REQUIRED WORK. Copy nothing but the lines below running from the line containing "Empty bowl clip" through the line containing "Felice Martedì fiori per te", both end lines included.

INFORMATION PROVIDED.
══════════
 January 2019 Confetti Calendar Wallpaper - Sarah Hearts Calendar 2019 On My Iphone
══════════
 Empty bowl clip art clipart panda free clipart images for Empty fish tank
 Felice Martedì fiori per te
══════════
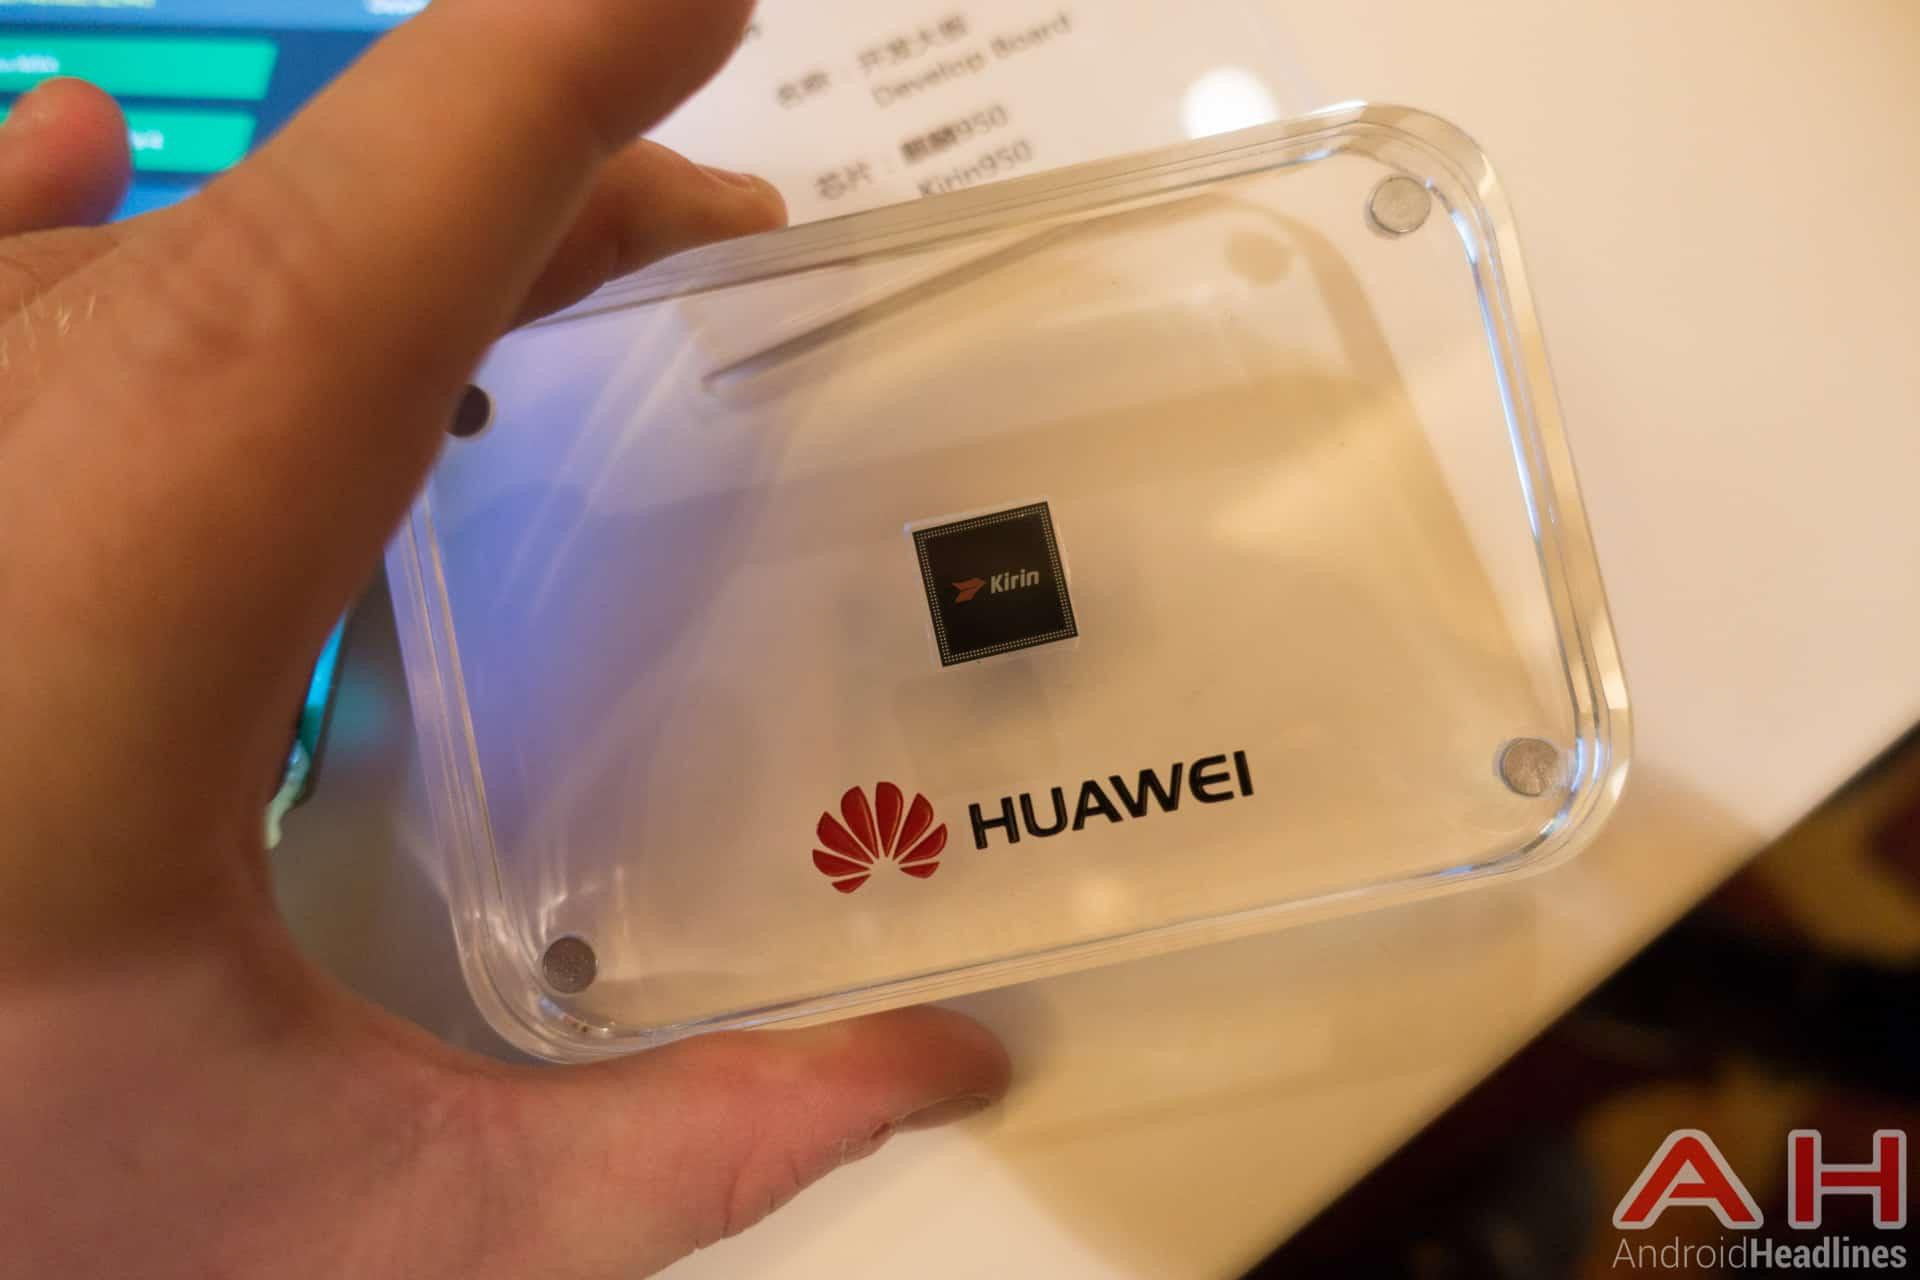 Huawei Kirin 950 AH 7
══════════
RESPONSE BELOW.
 Empty bowl clip art clipart panda free clipart images for Empty fish tank
 Felice Martedì fiori per te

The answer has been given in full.